Kelompok Islamis, Arab Saudi dan Terorisme

Judul buku    : Awakening Islam
Penulis          : Stephane Lacroix
Penerbit        : Harvard University Press, AS
Cetakan        : Pertama, Desember 2011
Tebal             : 373 halaman

Bagaimana jadinya sebuah ideologi tumbuh di dalam masyarakat yang terfragmentasi? Masyarakat yang terpilah ke dalam berbagai suku, kabilah dan golongan, yang dalam sejarah secara ekstrem menunjukkan kesulitan untuk bersatu, kecuali saat diikat oleh satu keyakinan agama. Tentu, ideologi yang tumbuh akan menghadapi persoalan-persoalan awal berupa keterpilahan dan pandangan ortodoks yang nyaris sudah dipandang sebagai bagian dari dogma keyakinan agama tersebut sehingga ideologi yang bangkit di dalam masyarakat itu harus berkompromi pada situasi yang tercipta akibat ortodoksi yang kekal. Walau pergeseran demi pergeseran terjadi sebagai akibat keterbukaan media dan keinginan melakukan komparasi dengan negara lain, iklim ortodoksi itu tampak masih kuat bahkan semakin mengeras ketika berhadapan pada modernitas.
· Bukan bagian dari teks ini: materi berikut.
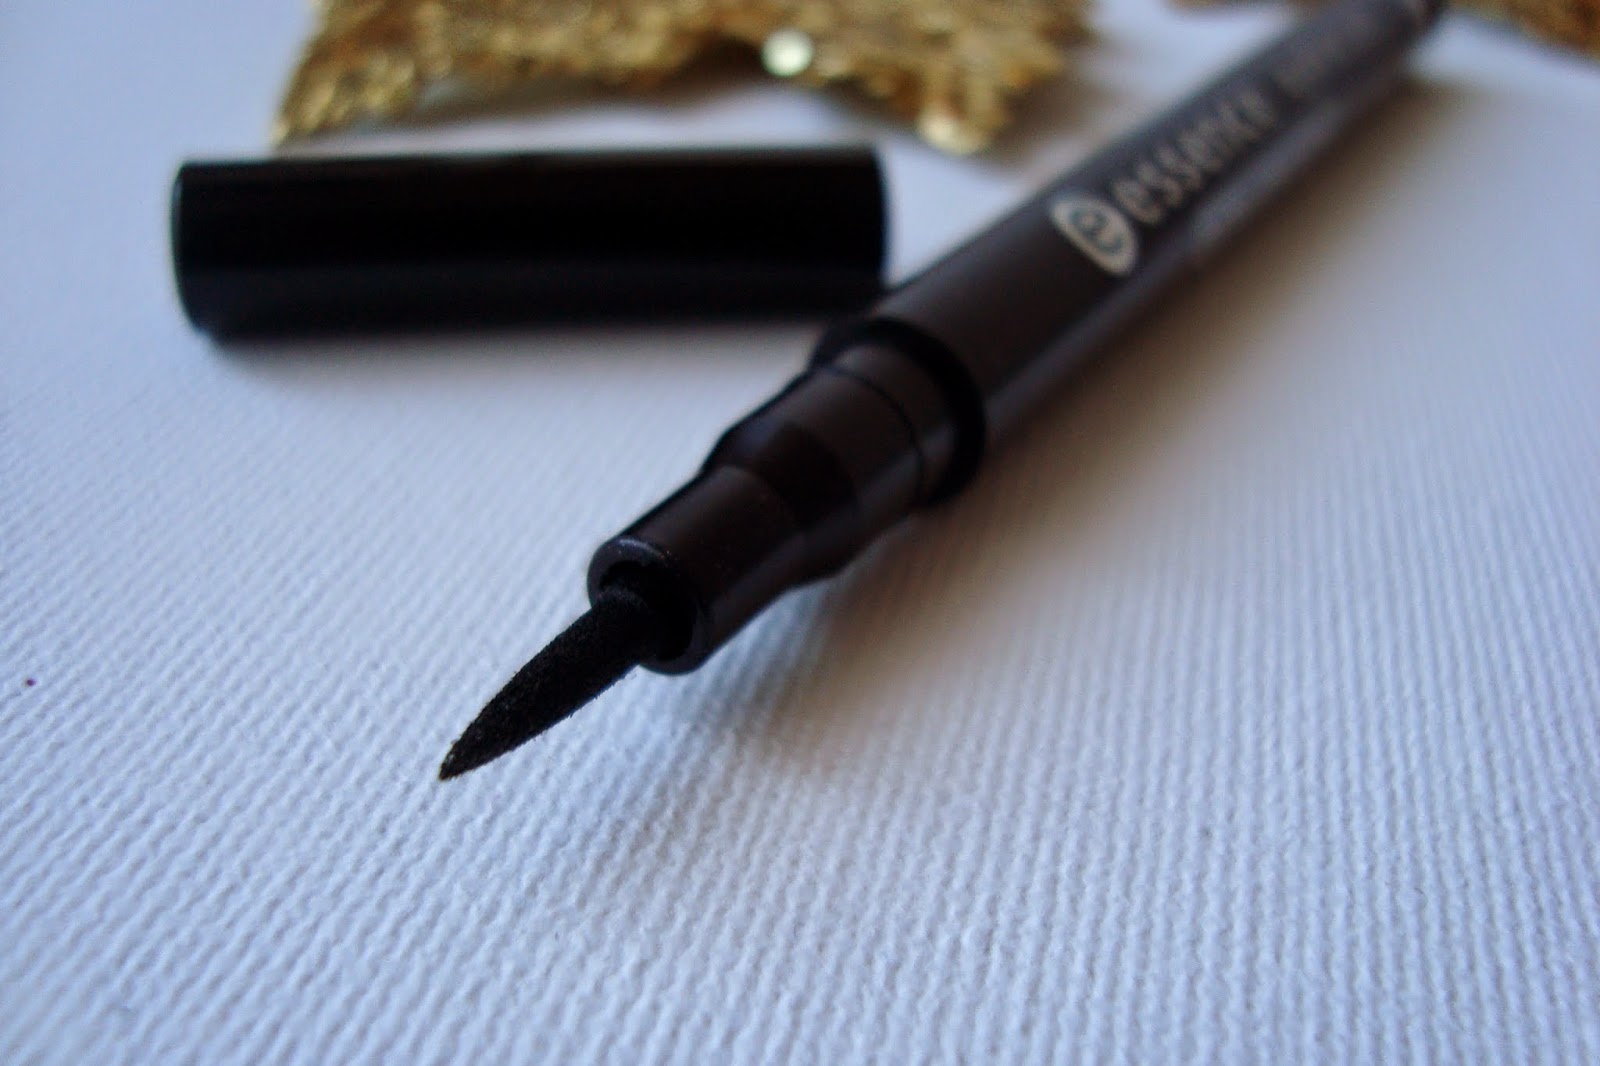 Essence Eyeliner Pen 
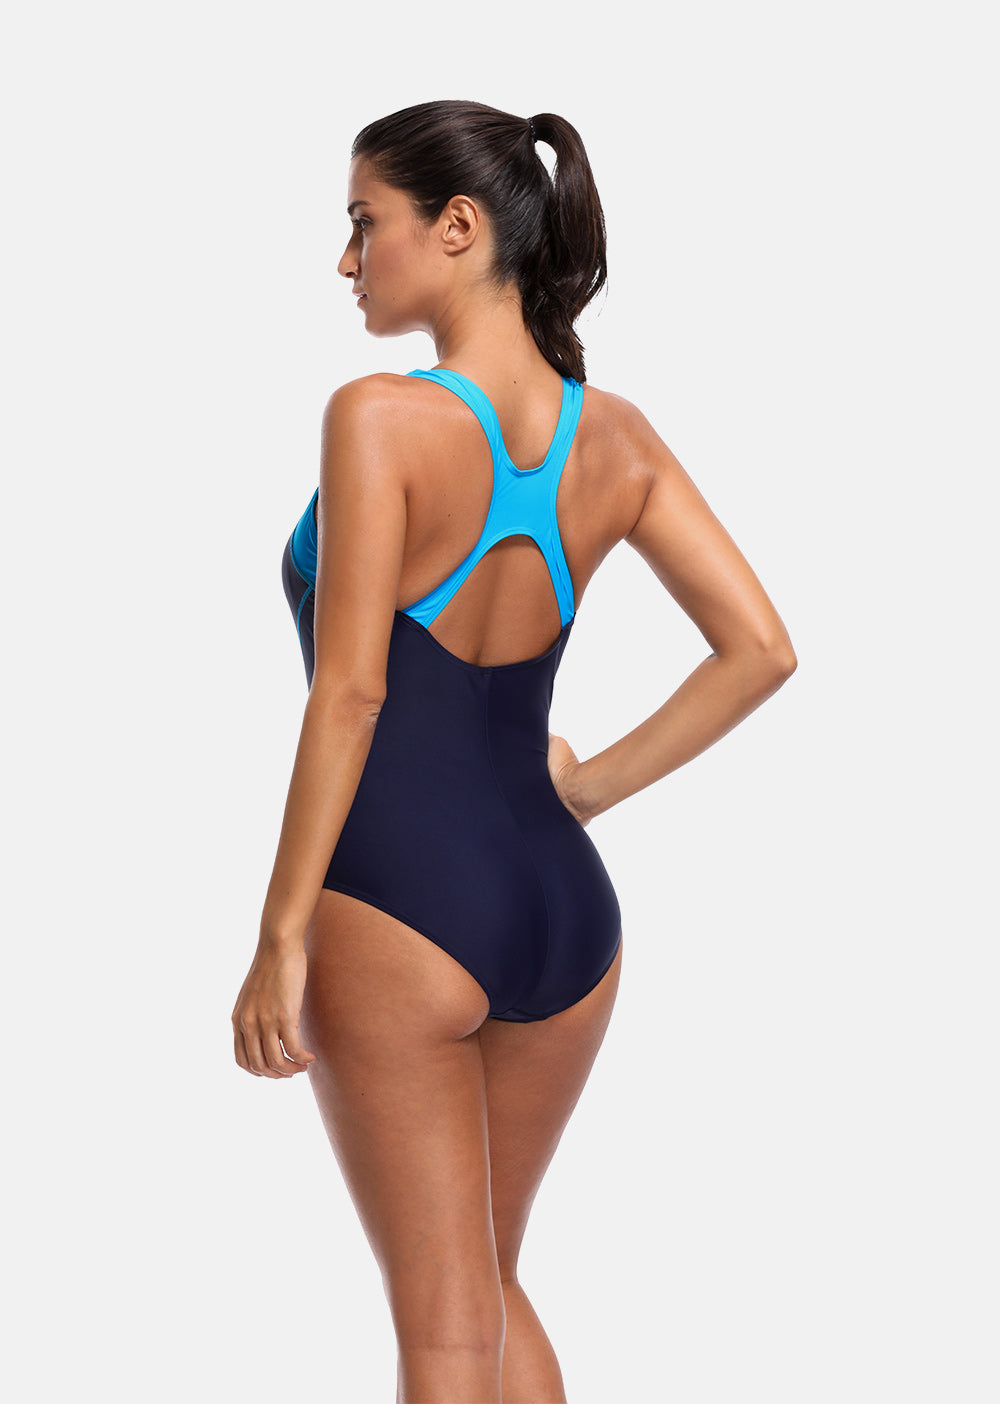 One Piece Pro Sports Swimwear Sports Swimsuit Colorblock Monokini Beach Wear Bathing Suit Bikini The Clothing Company Sydney

Buku ini terdiri dari tujuh bab, yang ditutup dengan kesimpulan penulis berisi seputar pelajaran-pelajaran penting dari kebangkitan. Pada bab pertama penulis menjelaskan tentang dinamika gerakan Islamisme dalam masyarakat yang terbelah. Harus diakui, walau Arab Saudi telah menjadi tempat kelahiran ajaran Islam, namun negara ini juga tak luput dari pengaruh gerakan kebangkitan Islam pada abad ke-19 dan 20. Oleh karena itu, gerakan Islamisme di Arab Saudi tidak bisa dikatakan sebagai gerakan yang terisolir dari proses interaksi dengan aneka gerakan kebangkitan yang kala itu sudah marak di seluruh jazirah Arabia, Afrika Utara dan Asia Selatan.

Kelompok-kelompok Islamis mempunyai penafsiran terhadap ajaran inti Islam yang bisa jadi berbeda satu sama lain meski dalam beberapa hal mereka mempunyai kemiripan, seperti ketika mereka memandang hubungan antara Islam dan Barat. Bagi mereka, masyarakat muslim berada dalam ancaman nilai-nilai Barat. Sebuah nilai-nilai yang tak sesuai dengan ajaran Islam karena berasal dari sumber yang berbeda. Sikap serta pemikiran resistensi ekstrem sering ditunjukkan kelompok Islam ini ketika berhadapan dengan segala sesuatu yang berbau Barat. Kelompok mileniarianisme Islam Arab Saudi pimpinan Juhayman al Utaybi yang berhasil menguasai Masjid al Haram pada tahun 1979.



Penulis buku ini yang juga merupakan gurubesar ilmu politik di Sciences Po, Paris, secara jeli melihat latarbelakang resistensi, kebangkitan dan dampak dari peristiwa yang dikenal sebagai 'intifadah al sahwa' (kebangkitan sahwa). Kebangkitan ini merupakan momentum untuk melihat bagaimana alur gerakan itu terbentuk, pengaruhnya yang meluas di jazirah Arabia dan dunia Islam pada umumnya, serta mulai terbukanya secara umum mempertanyakan eksistensi sistem kerajaan yang dianut oleh keluarga Ibnu Saud. Dalam menguraikan hal ini, penulis juga menyinggung kritik yang ditujukan pada gerakan kebangkitan tersebut, yang umumnya menilai gerakan itu cuma sekadar bersifat emosional bukan rasional.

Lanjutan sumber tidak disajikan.